Their encounter, counterspy and spy, was one of many head-turning vignettes at a historic meeting here in Havana, March 22-25, in which Americans and Cubans from all sides reconstructed and relived the April 17, 1961, Bay of Pigs invasion. On the Cuban side for three days of intense discussions were Fidel Castro and sixty of his top military leaders; the US delegation included five Cuban veterans of the CIA-trained 2506 Brigade, which carried out the invasion, and White House advisers Arthur Schlesinger Jr. and Richard Goodwin.

“We talked as professional to professional,” Reynolds said of his first-ever meeting with Valdes. “I congratulated him on the effectiveness of their system.” Valdes had only a few months to organize islandwide security before the Bay of Pigs invasion. He rejected the notion that it was a draconian secret police system that doomed the effort. “I told [Reynolds] it was the total support of the people for the revolution,” said Valdes.

Valdes disclosed that his security network quickly rounded up 20,000 suspected dissidents in the hours after the invasion began, squelching the US expectation that the invasion would set off mass rebellion and sabotage on the island. Valdes also revealed that Cuba had no intelligence from inside the 2506 Brigade itself. The Cubans knew from secondary sources and partly from US press accounts that an invasion was imminent but did not know the date or landing site. Security on the island, however, was so tight that according to Samuel Halpern, the other CIA official at the meeting, the CIA found it virtually impossible to plant agents anywhere but in rural areas. Halpern was the CIA’s point man on Operation Mongoose–the Kennedy Administration special project against Castro that included intelligence collection, sabotage and assassination missions inside Cuba.

Castro sat across from Halpern and Reynolds, showing no sign of lingering hostility to the Americans and Cubans who had plotted his overthrow, even his death. On the contrary, the atmosphere was jovial, respectful. Castro–who missed not one minute of the presentations and himself talked in long half-hour and hour stretches–remarked at one point that it was more than respectful, it was friendly. At a final banquet, Castro used the word “family” to describe the conference participants and the frank, intimate exchanges. Once, José Ramon Fernandez, the Cuban battlefield general at the Bay of Pigs, called the anti-Castro troops mercenarios, and Fidel pointedly corrected him. “They’re brigadistas,” he said.

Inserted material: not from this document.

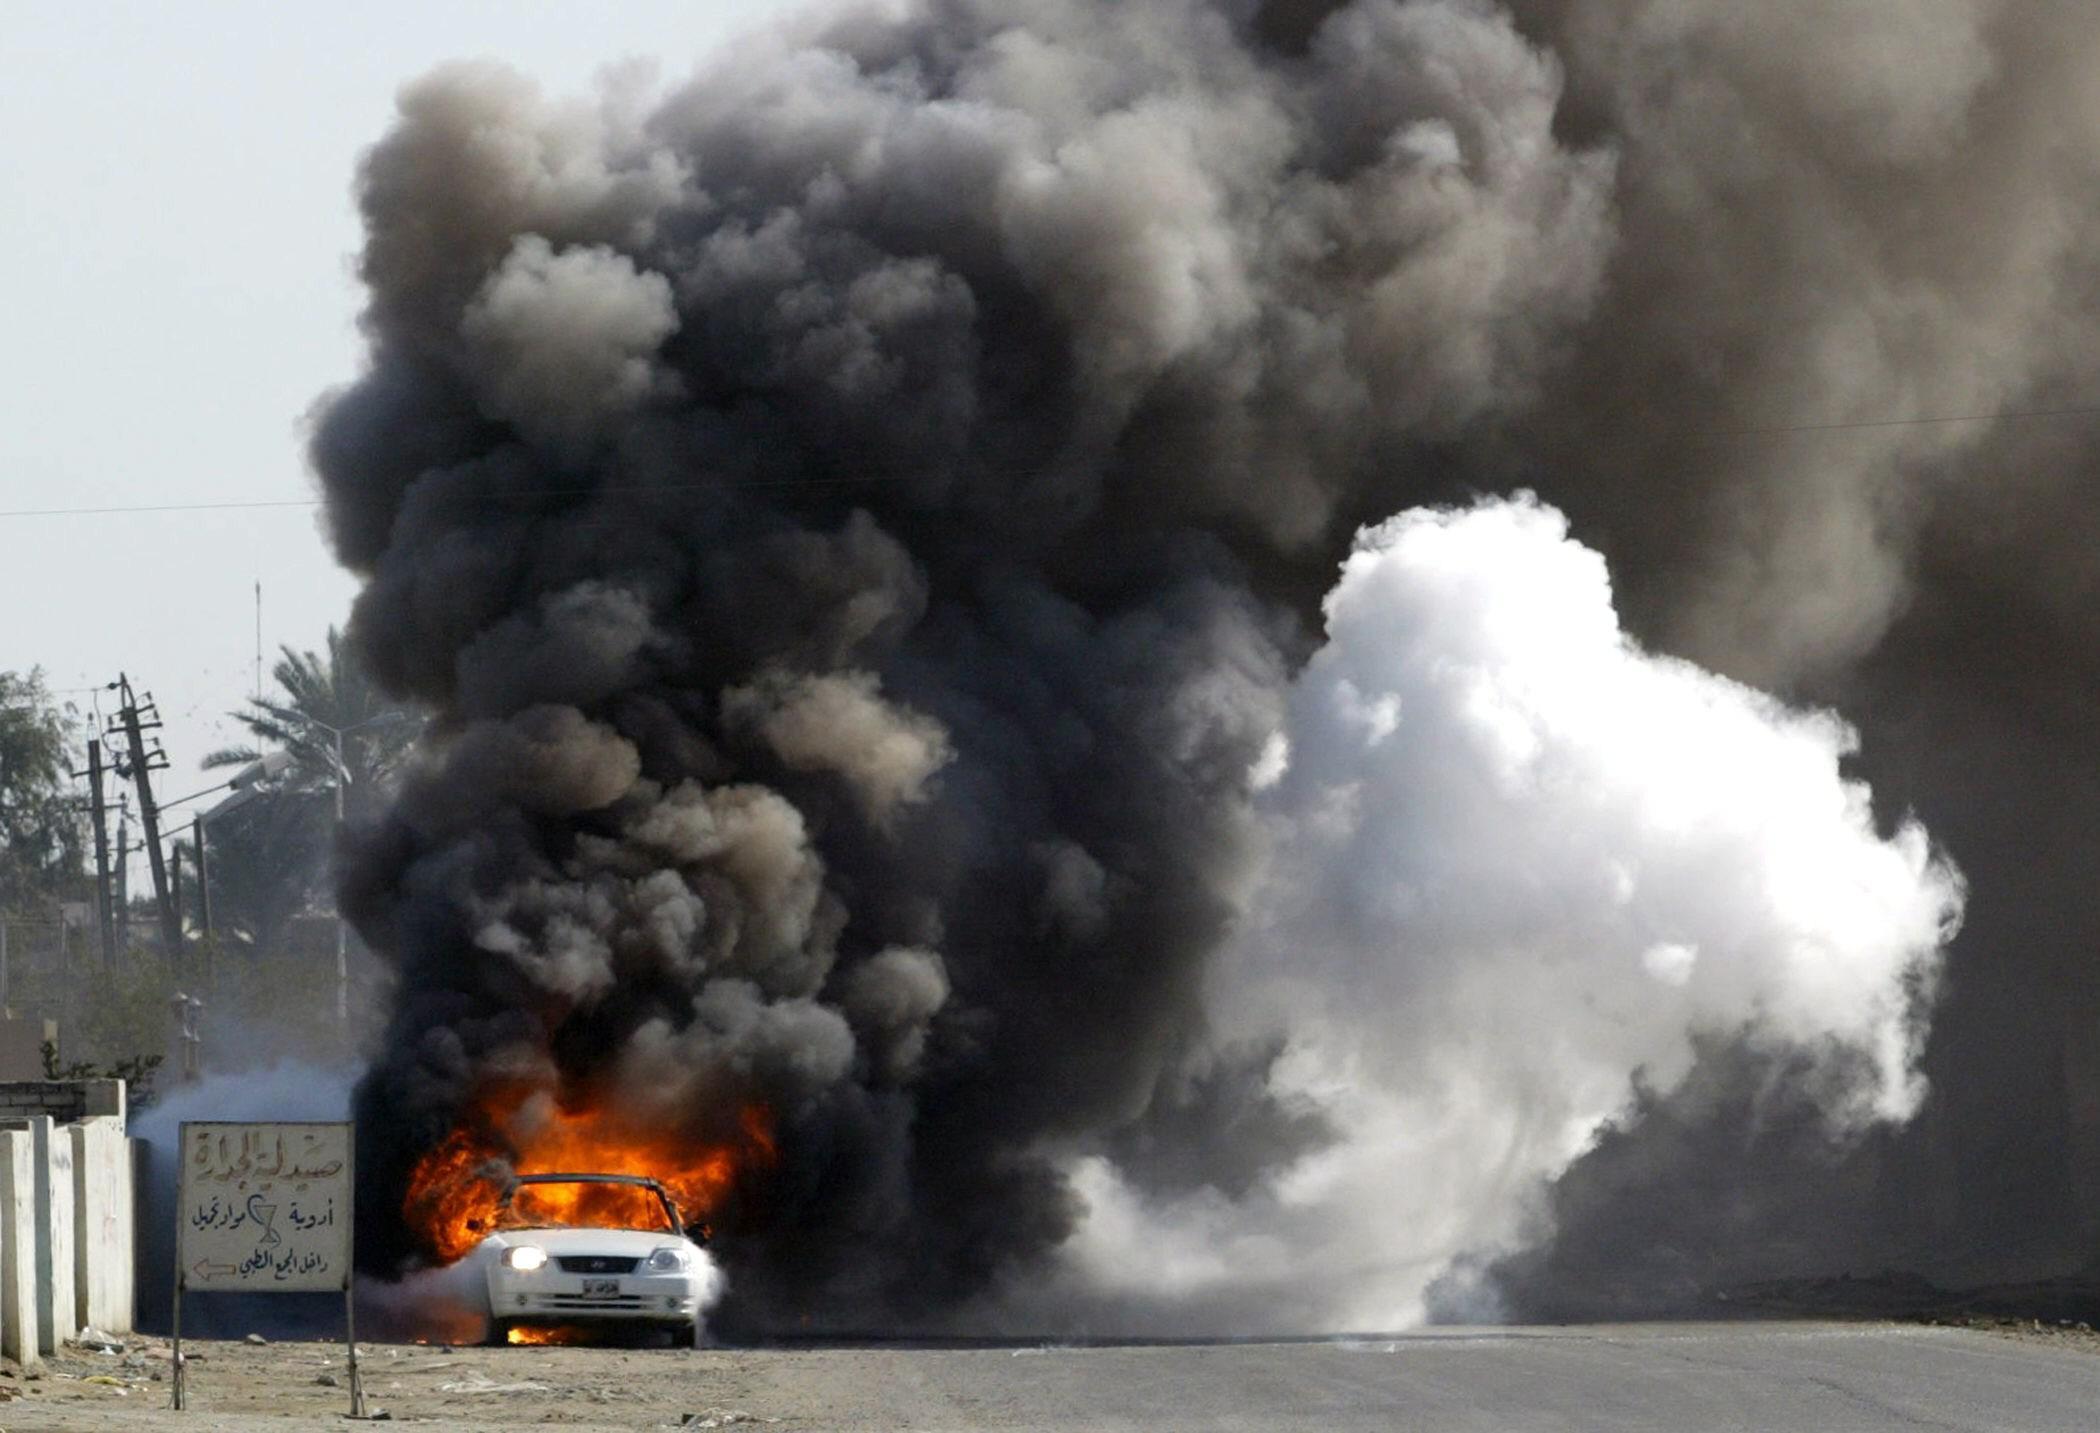 IRAQ-UNREST-VOTE-BLAST

During a break, Castro rushed over for a private conversation with CIA official Reynolds after an exchange in which the Cuban side had been adamantly skeptical about Reynolds’s denial that the CIA saboteurs had blown up a ship unloading weapons in Havana harbor in 1960. He shook hands and put his hands on Reynolds’s shoulders, saying, “I don’t want you to think we are trying to settle old scores.”

The five members of the 2506 Brigade delegation were also frequently engrossed in deep conversation with Cuban officials, although Castro himself seemed to make a point of keeping them at arm’s length. One brigade member, Roberto Carballo, who runs a hotel in Cancun, Mexico, has a long record of anti-Castro activities, including being named in newly declassified US documents as a suspect in terrorist activities in the 1970s.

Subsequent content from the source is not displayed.